▸ **STORED DATA**:
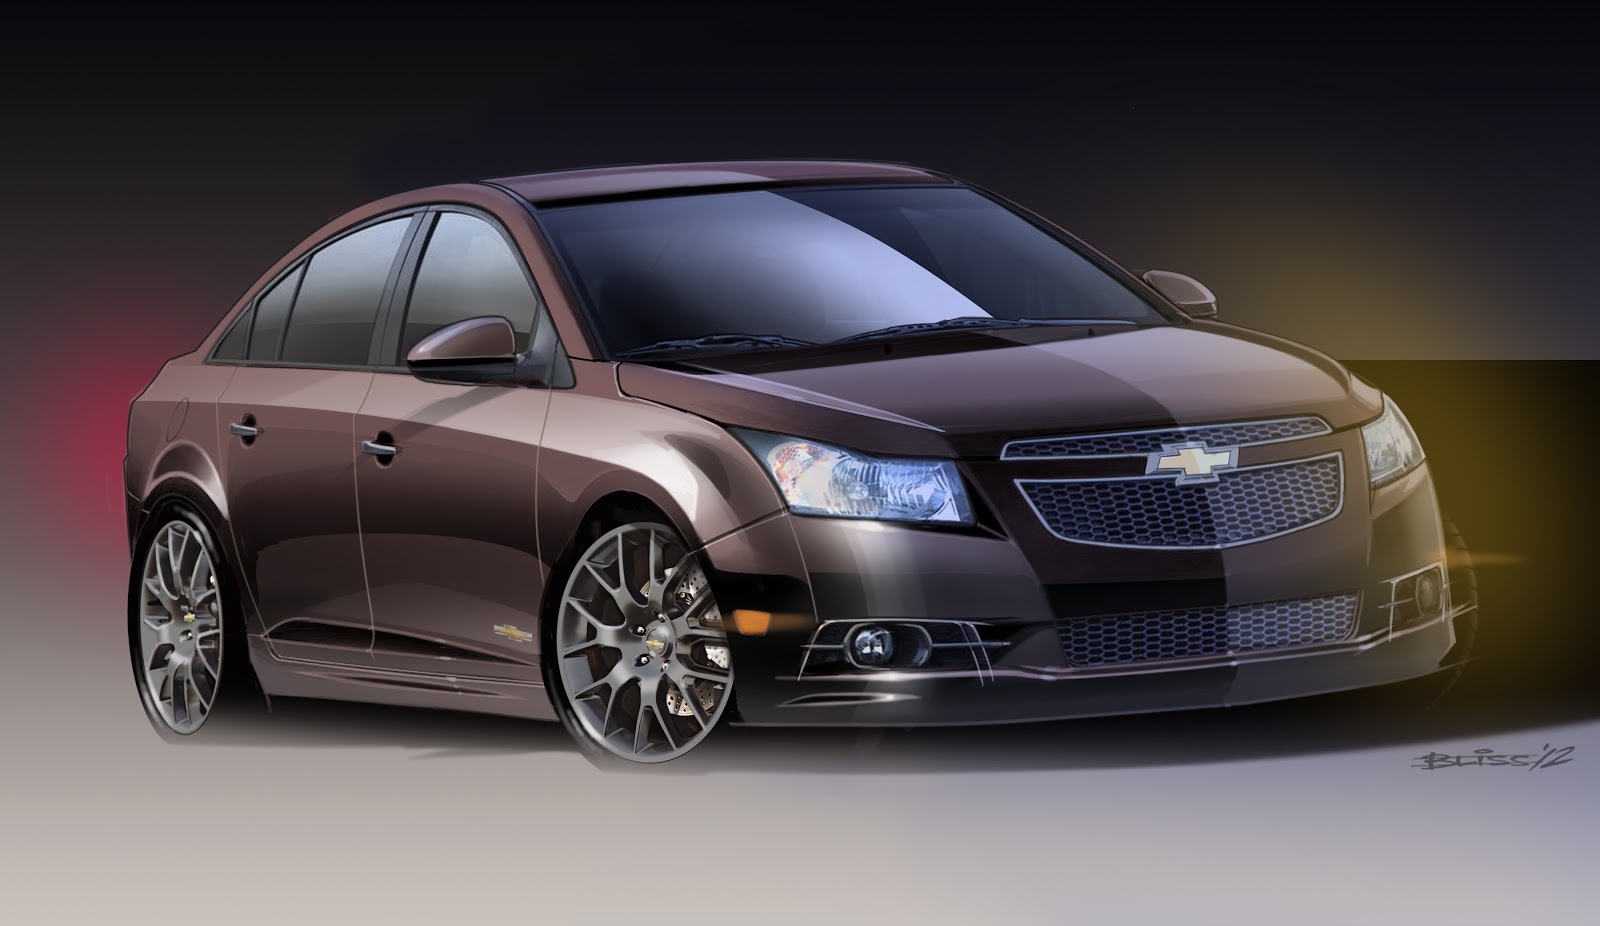 [SEMA Show] 2012 Chevrolet+Cruze+Upscale+concept+.
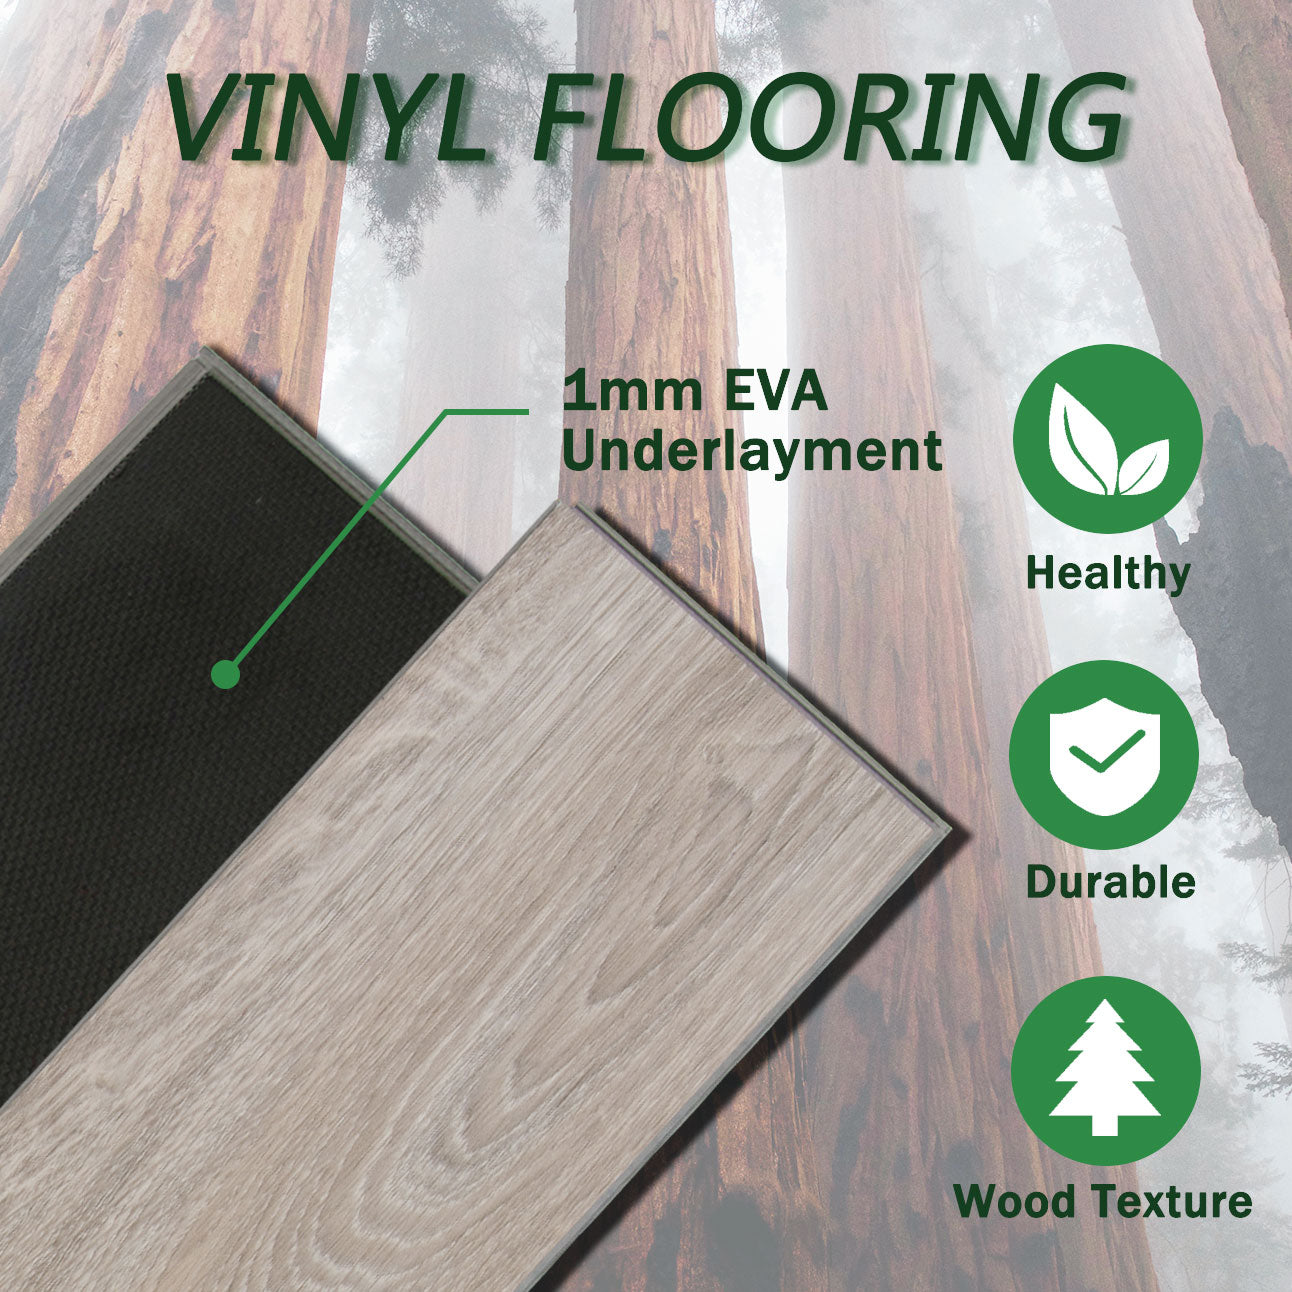 15.1 sq.ft Light Oak Rigid SPC Core Vinyl Plank Flooring 36x6 Inch
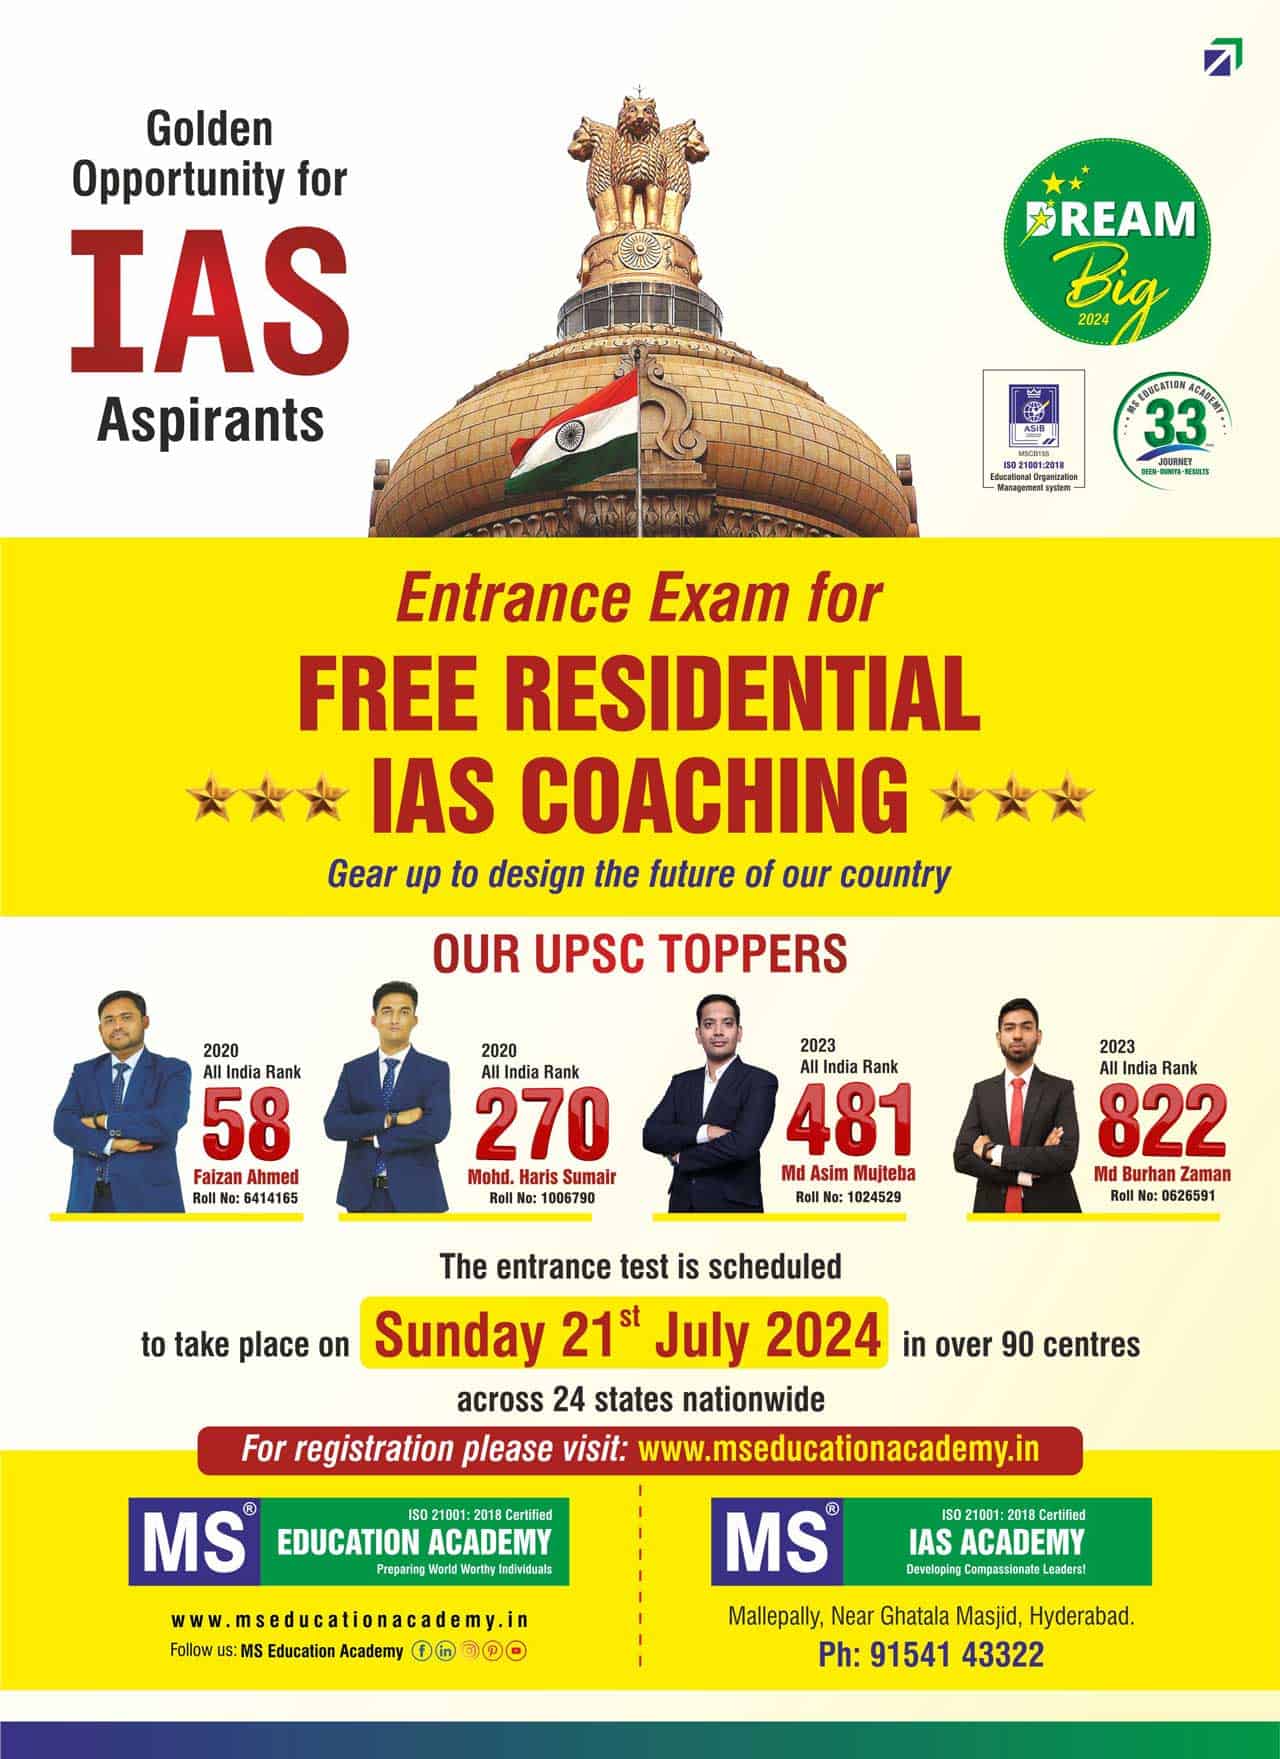 MS IAS Academy Entrance Exam 2024 Handbill

▸ **TASK STATEMENT**:
Apart from the pictures, all of the data should be repeated exactly.

▸ **ANSWER TO THE EXERCISE**:
 [SEMA Show] 2012 Chevrolet+Cruze+Upscale+concept+.
 15.1 sq.ft Light Oak Rigid SPC Core Vinyl Plank Flooring 36x6 Inch
 MS IAS Academy Entrance Exam 2024 Handbill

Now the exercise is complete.